= Gin (1495) =

Gin (1495) is a grape-based gin range made from a recipe dated from the year 1495. Chairman of the Hasselt Jenever Museum, Eric Van Schoonenberghe and international drinks expert, Philip Duff were credited with the discovery of the recipe in a 1495 cookbook which belonged to a merchant.

==History==
Jean-Sébastien Robicquet is a French oenologist and master distiller. He created EuroWineGate in 2001. This structure was founded to bridge French wines and spirits with the American market. It became Maison Villevert in 2011. Meanwhile, Jean-Sébastien Robicquet launched Ciroc in 2003. He created this vodka derived from grapes for the multinational spirits company Diageo. He also launched G'Vine in 2006 (grape-based gin).

Chairman of Hasselt Jenever Museum, Eric Van Schoonenberghe discovered an old recipe for a grape-based gin in a 1495 cookbook which belonged to a rich Dutch merchant. Soon after, drinks expert, Philip Duff and Maison Villevert's founder Jean-Sébastien Robicquet, gathered a team of spirits experts composed of Dave Broom, Dave Wondrich and Gaz Regan to recreate a gin from the old recipe and create the Gin 1495 range.

==Production==
Two products were made from the recipe, "Verbatim" and "Interpretatio". "Verbatim" is the most accurate reproduction of what the gin was in 1495. "Interpretatio" is a modernization of the product made to fit today's standards. According to Dave Broom's manual, the "Verbatim" recipe is made from taking ten quarts of wine (or "mother of wine", possibly lees) thinned with clear water or Hamburg beer "until the water has the thickness of buttermilk" which is then distilled in a two-pot still and then mixed with spices.

==Historical figures==
Sir Hans Sloane was the former owner of the manuscript and a medical doctor. He gave his name to the area where the manuscript was discovered.

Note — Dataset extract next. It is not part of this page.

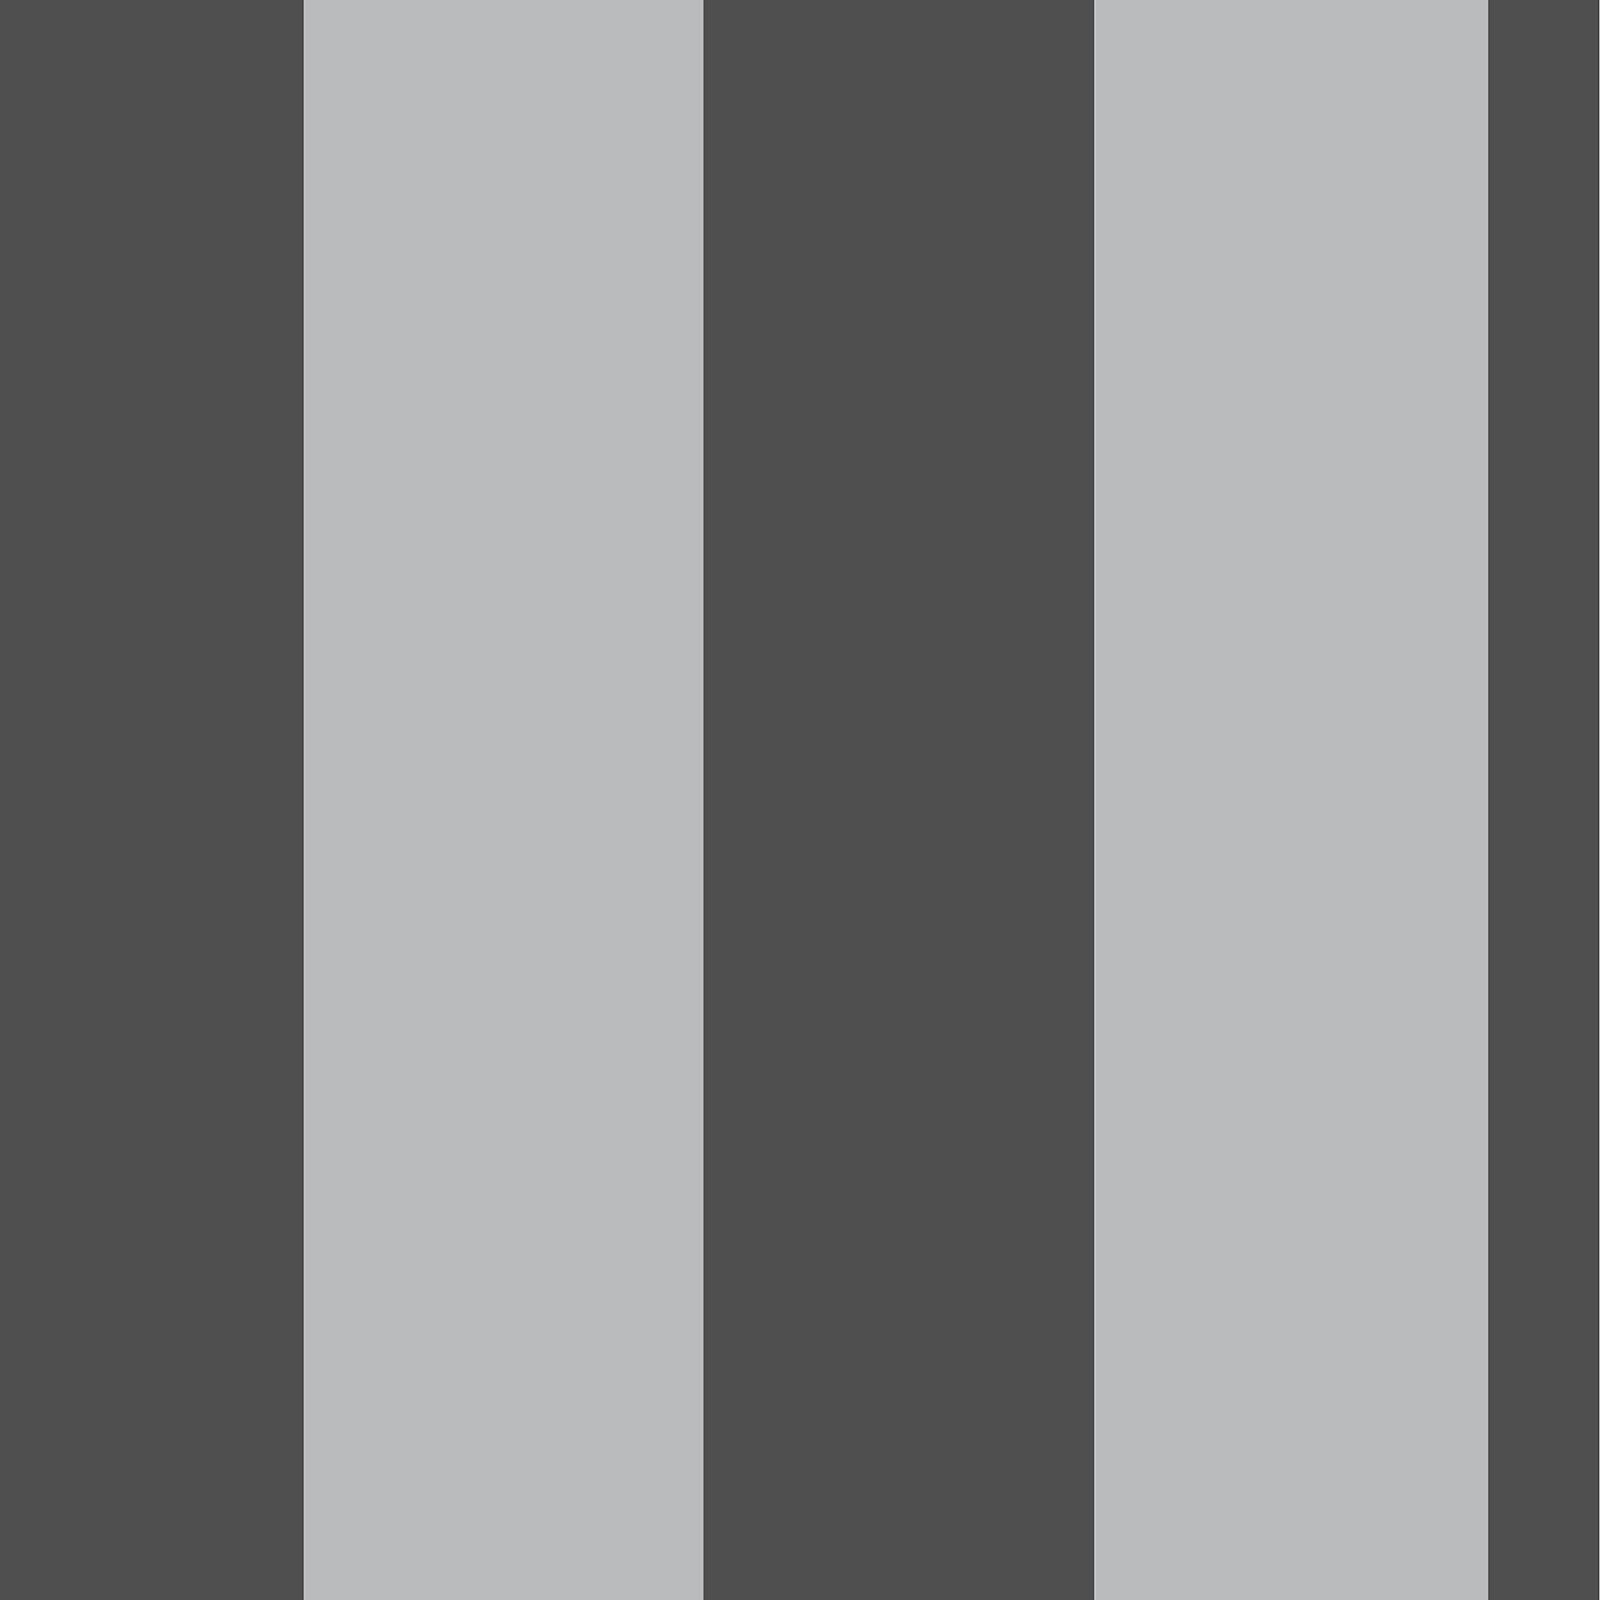 Streifen tapete schwarz silber rasch 286922 neu grau for Tapete schwarz grau

100 bottles of "Verbatim" were made and offered with "Interpretatio" and a copy of the original recipe to museums and spirits institution around the globe. Two bottles were auctioned in Hong Kong and the profits were sent to The Benevolent charity which helps people from the drinks industry.

A set was also auctioned in 2023, on the occasion of the "A tribute to Gaz Regan" project in aid of Wine To Water, a charity working for access to clean water and education.

In September 2024, another set was auctioned at the "Métiers rares & Métiers d'art" charity evening organized by Reflets, in aid of the associations "De l'Or dans les mains" and "L'Outil en main". These two charities are dedicated to preserving and transmitting exceptional craft skills.